Solo nella sola frequenza di infarto c’era una differenza statisticamente significativa del 19% in meno rispetto al ricovero nel gruppo vitamina D. A rigor di termini, tuttavia, questo non era il vero scopo dell’indagine. Non vi era alcuna differenza significativa tra i due gruppi in termini di necessità di rifornimento di ossigeno al cuore a causa del restringimento dei vasi coronarici (bypass, intervento di catetere) e in termini di ictus ischemico.

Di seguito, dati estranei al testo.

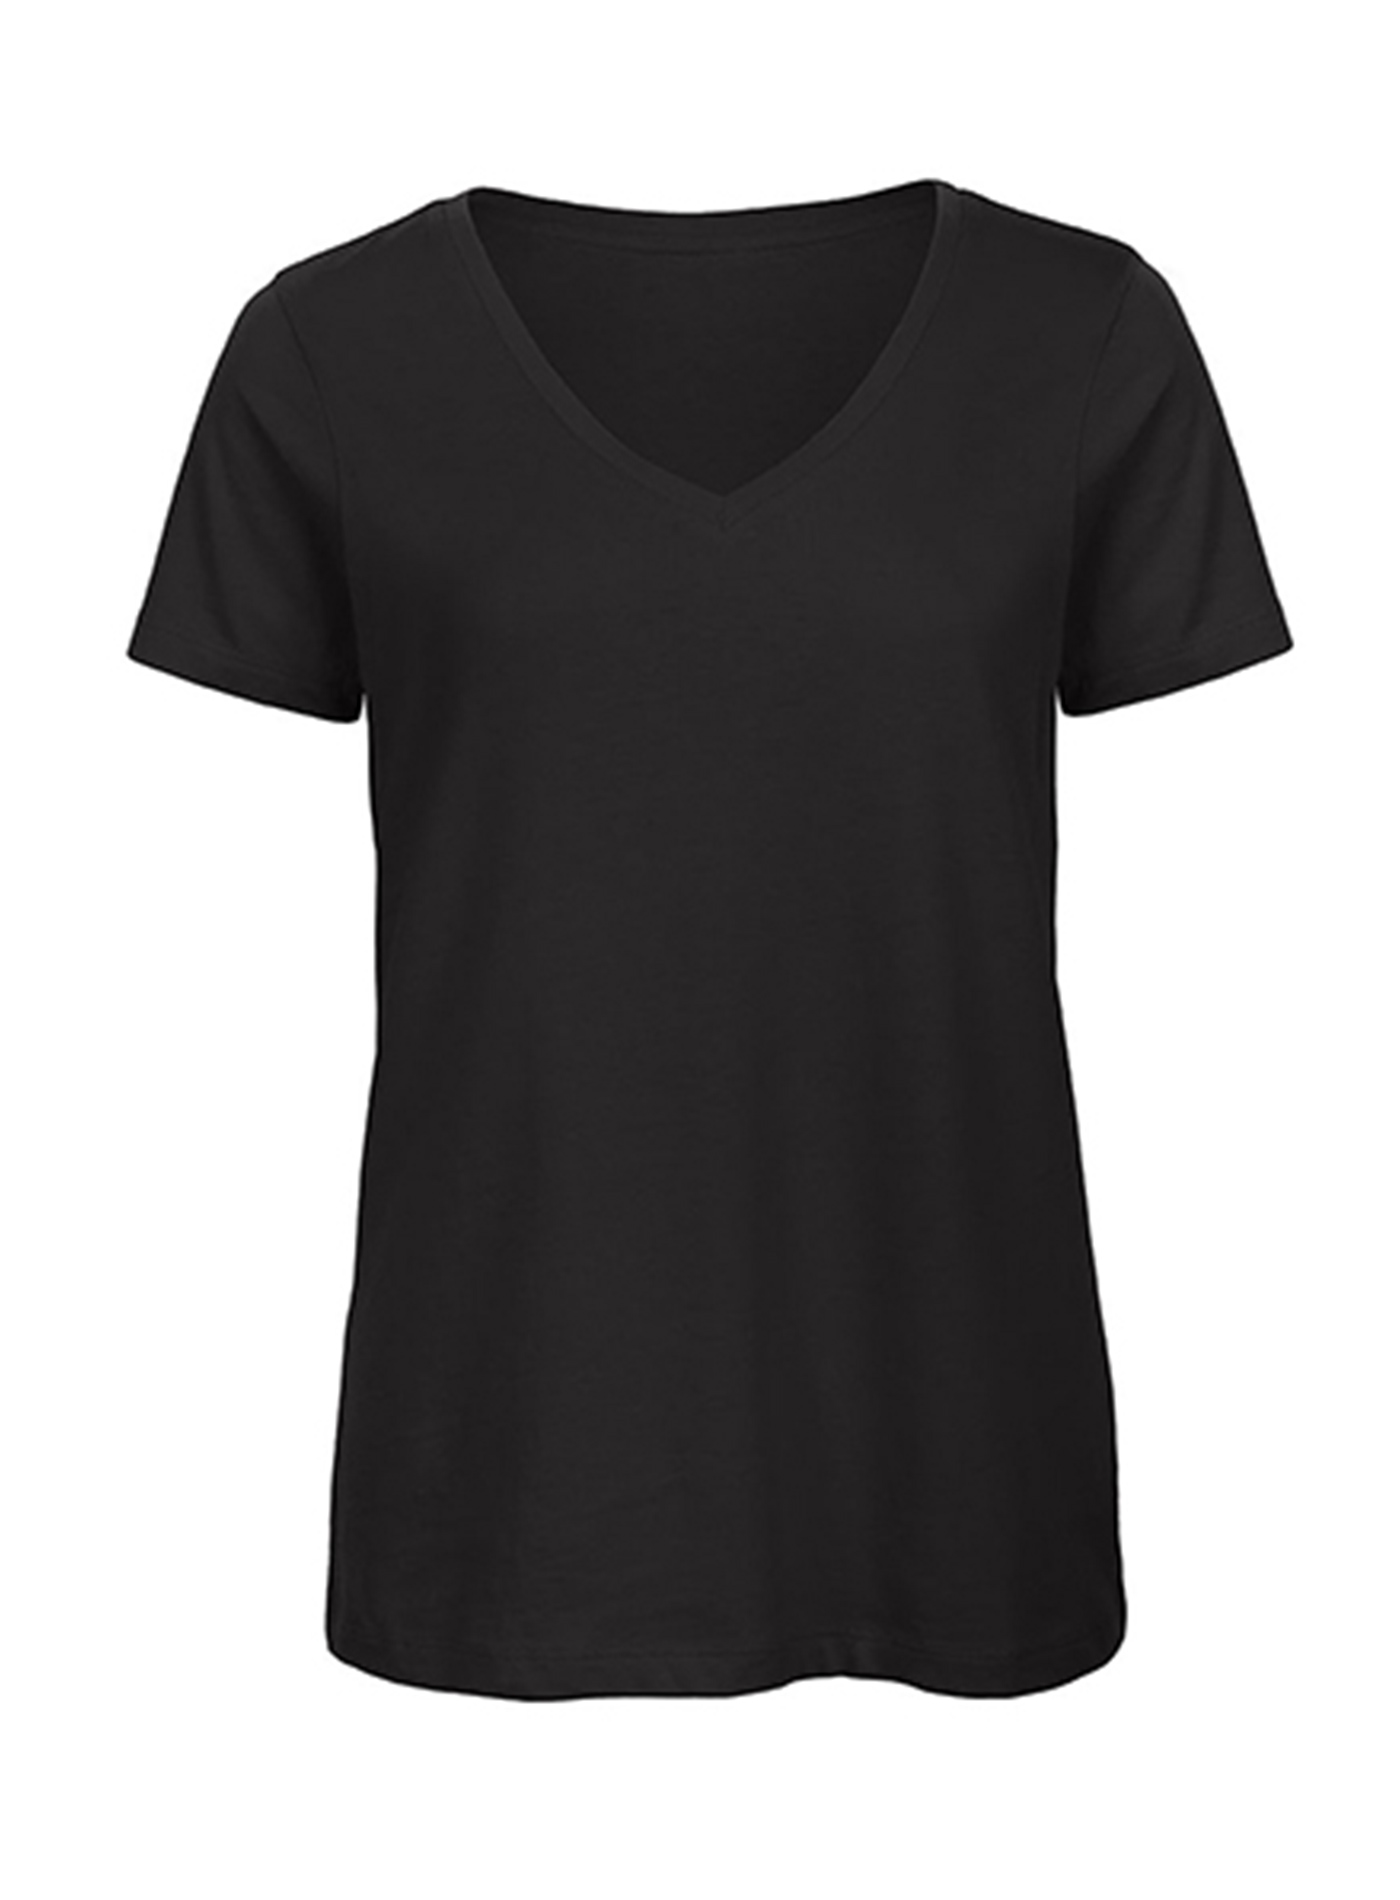 Dámské tričko s výstřihem do V B&C Collection Inspire - černá XL
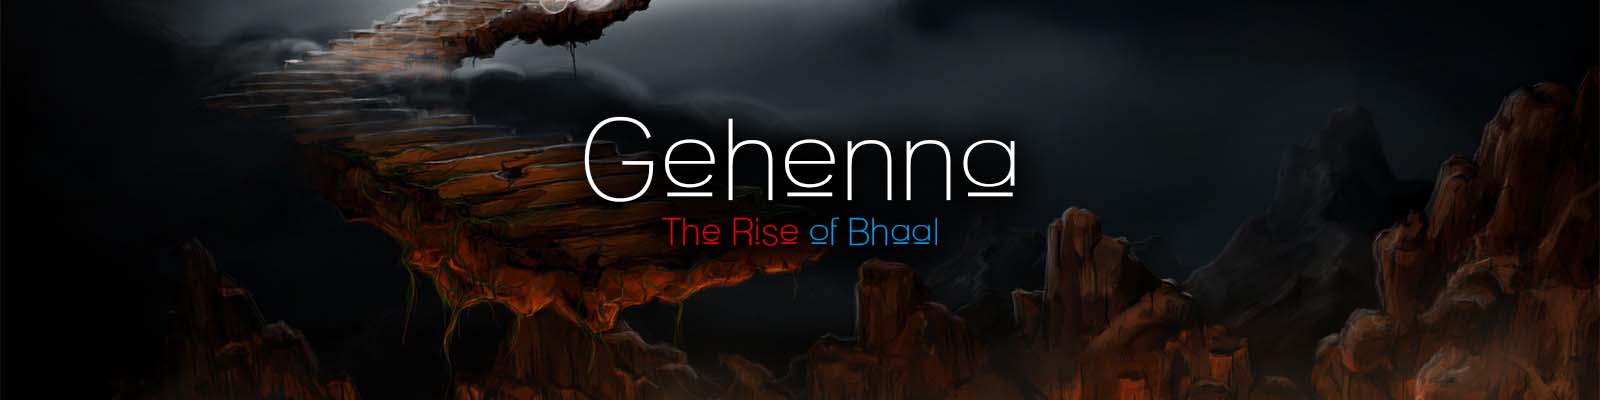 Gehenna: Bhaalo kilimas

Secondo Deutsches Ärzteblatt, una meta-analisi con dati di studio di oltre 83.000 persone in studi sulla vitamina D pubblicata nel rispettato Journal of the American Medical Association (JAMA) nel 2019 non ha rilevato alcun effetto della vitamina D sulla frequenza di ictus, attacchi di cuore e decessi cardiaci complessivi angiogenesi (DOI: 10.1001/jamacardio.2019.1870). Scienziati statunitensi sono giunti a una conclusione molto simile nel 2019 in uno studio condotto su 25.871 persone che assumevano quotidianamente vitamina D o un placebo con un periodo di osservazione di sei anni nel New England Journal of Medicine (DOI: 10.1056/NEJMoa1809944). “L’integrazione di vitamina D non ha comportato una ridotta incidenza di cancro invasivo o malattie cardiovascolari rispetto al placebo”, hanno scritto i ricercatori. Il progetto di ricerca è stato finanziato dal National Institutes of Health (NIH) degli Stati Uniti.